Scope
According to the most recent study for the Deloitte & ArtTactic Art & Finance Report 2021, 21% of creditors said they have been interested in investing in the art using a fractional possession model, with a significantly higher 43% of creditors under the age of 35 saying the same. The surge we've seen in both the art market and the fractional art funding industry over the past 18 months is consistent with the pandemic, which seems to have been a catalyst for shifting attitudes toward artwork funding.
So, will the increase in the ownership of fractional artwork continue?
Spending money on a percentage of artworks essentially removes the emotional component of owning art, thus any normal funding can duplicate this behavior. In bull markets, there will be more buyers, whereas, in bad markets, there will probably be fewer buyers.
What does this mean for the market for fractional art financing? As long as the market for art remains as strong as it is right now, the call can be maintained. The post-pandemic artwork market rebound has driven income and costs, but the fractional ownership market has been in a honeymoon phase. Maximum fractional ownership buyers are set to gain from a market downturn, in which liquidity dries up and costs fall (yes, the price of art can fall!).
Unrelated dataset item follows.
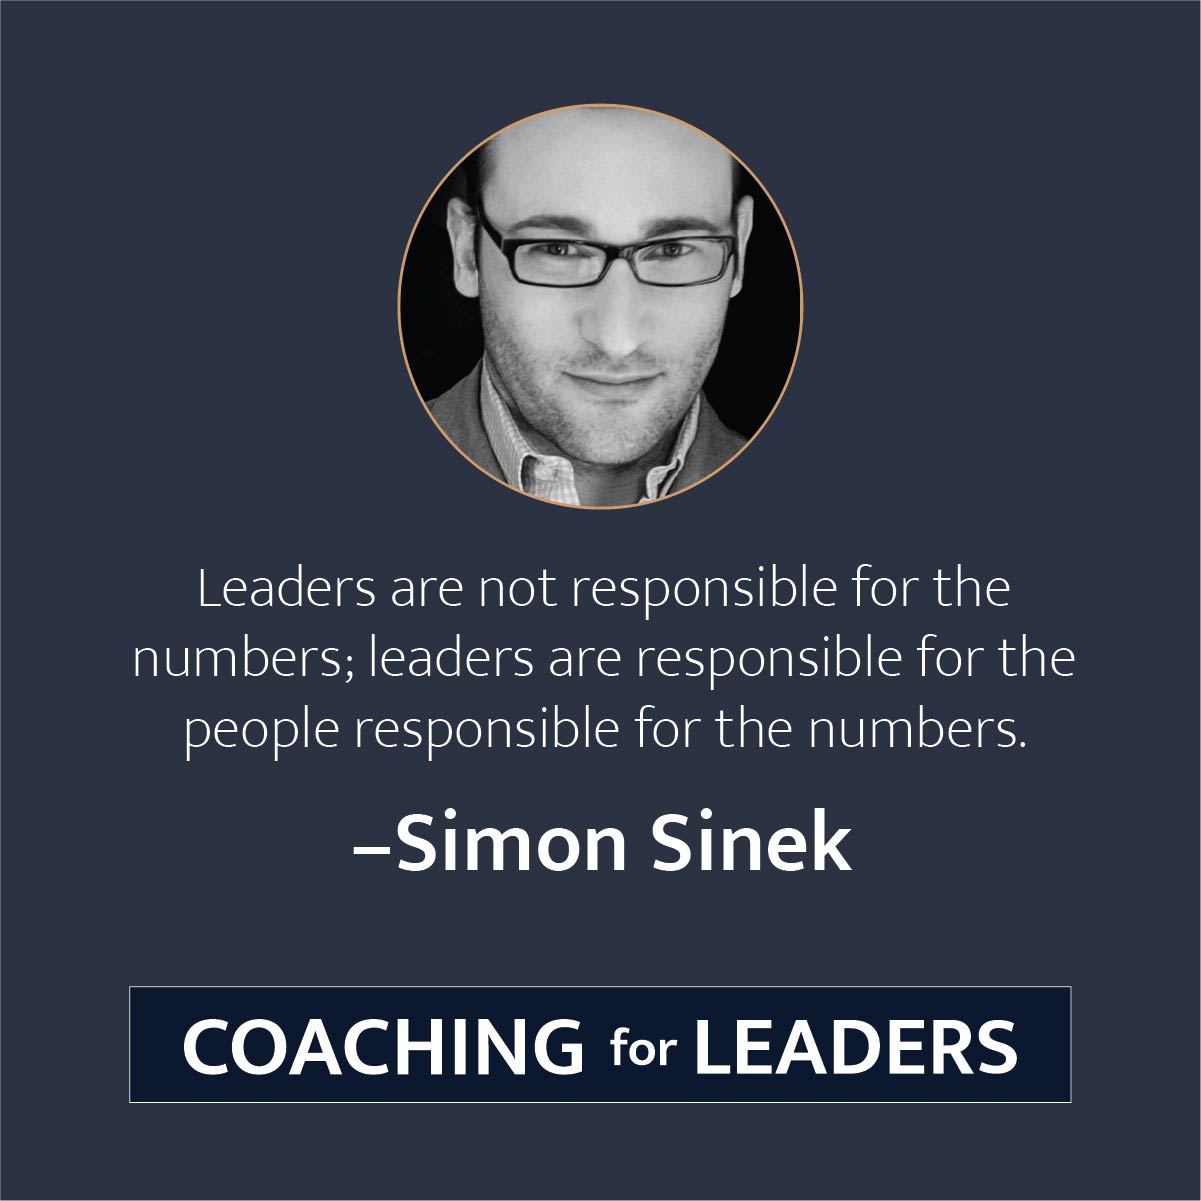 223 Start With Why With Simon Sinek Coaching For Leaders

To profit from art, it is necessary to have the following qualities: expertise and knowledge, cost-cutting, spot-on timing, access to inventory (ideally at prices below market), access to customers, and the financial wherewithal to take a long-term perspective and weather any downturns. Those who were alarmed by the 2008 financial collapse and the pandemic in 2020 may have been better off waiting, as the art market demonstrated strong resilience in both instances and recovered within a 12- to 18-month timeframe. The time the paintings were stored away from the public marketplace is strongly correlated with their repeat public sale earnings, according to the current ArtTactic study analyzing artistic endeavors with repeat public sale earnings in the most recent New York marquee auctions in May. Returning on investment 50 people were saved from the public sale market between the ages of 10 and 30; 49 of them bought with an 8.8% effective annual return (now not adjusted for inflation). Five out of thirteen artistic endeavors that had been kept out of the market for less than ten years, however, showed increased performance unreliability.